▸ **What you will do**: Transcribe all of the data verbatim, please, and leave out its pictures.

▸ **Provided data**:
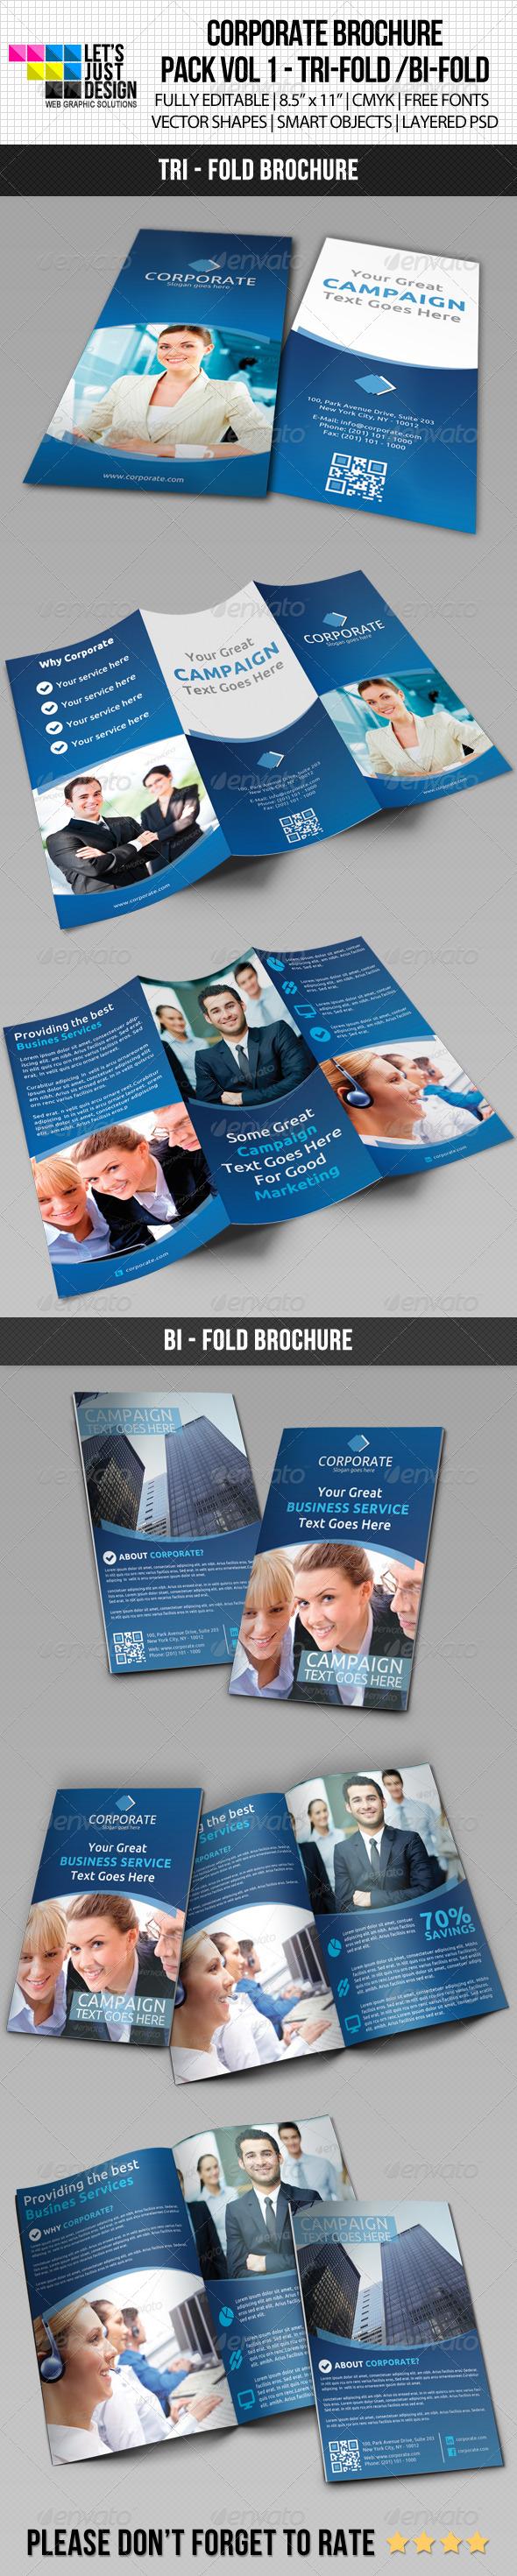 GraphicRiver Corporate Brochure Pack Vol 1 5897224
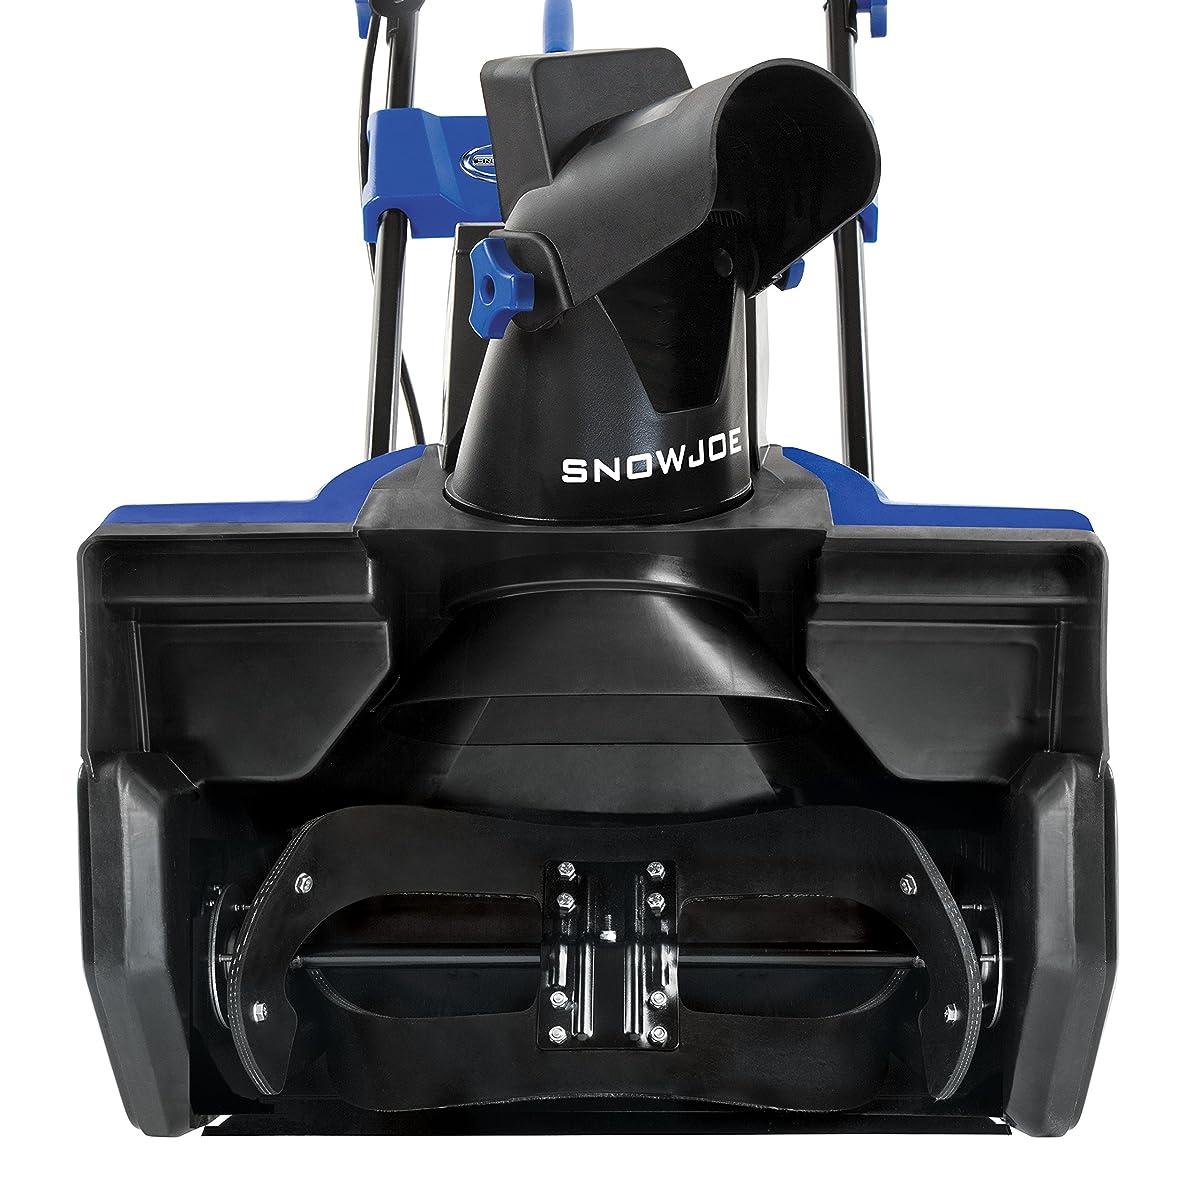 Snow Joe Ultra SJ625E 21-Inch 15-Amp Electric Snow Thrower
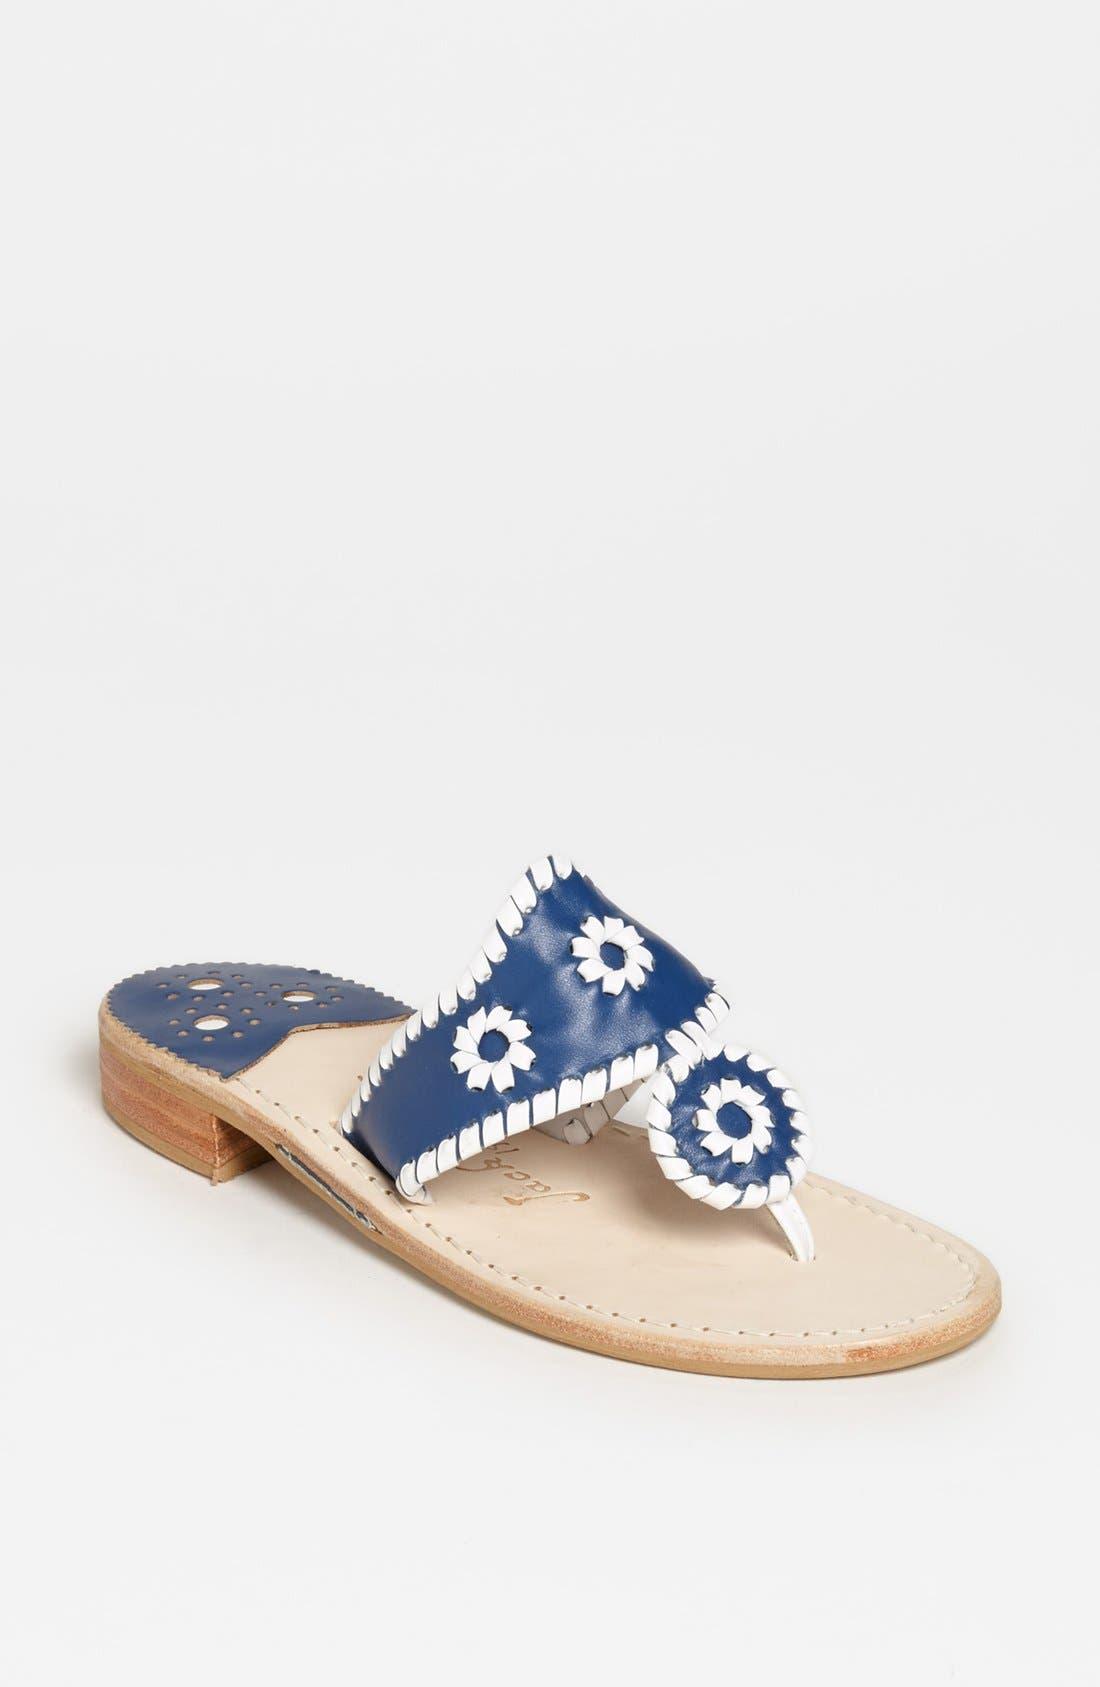 Alternate Image 1 Selected - Jack Rogers 'Palm Beach' Sandal
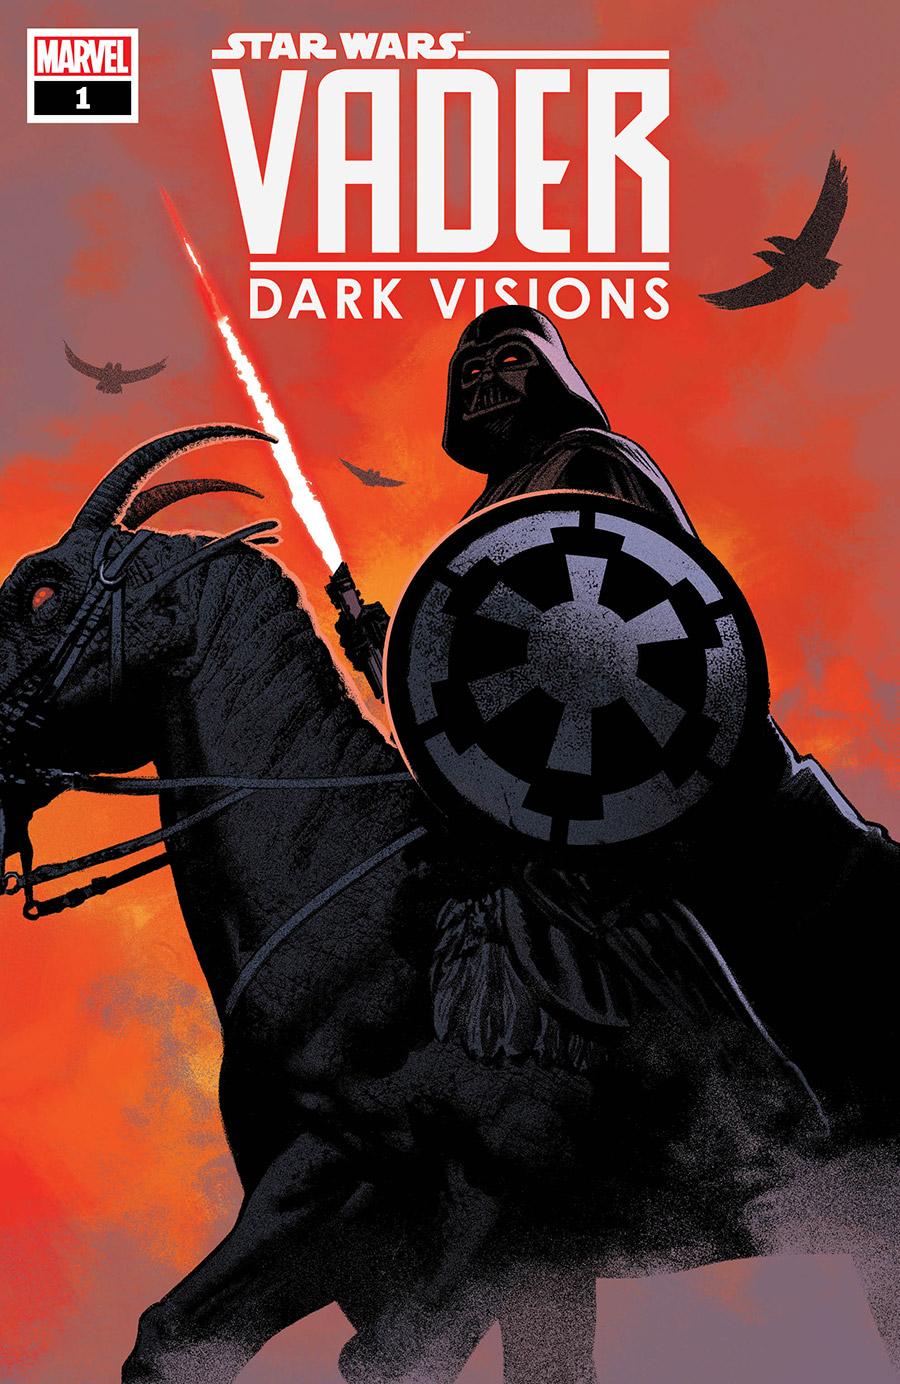 vader-dark-visions-cover-1.jpg

▸ **Exercise output**:
 GraphicRiver Corporate Brochure Pack Vol 1 5897224
 Snow Joe Ultra SJ625E 21-Inch 15-Amp Electric Snow Thrower
 Alternate Image 1 Selected - Jack Rogers 'Palm Beach' Sandal
 vader-dark-visions-cover-1.jpg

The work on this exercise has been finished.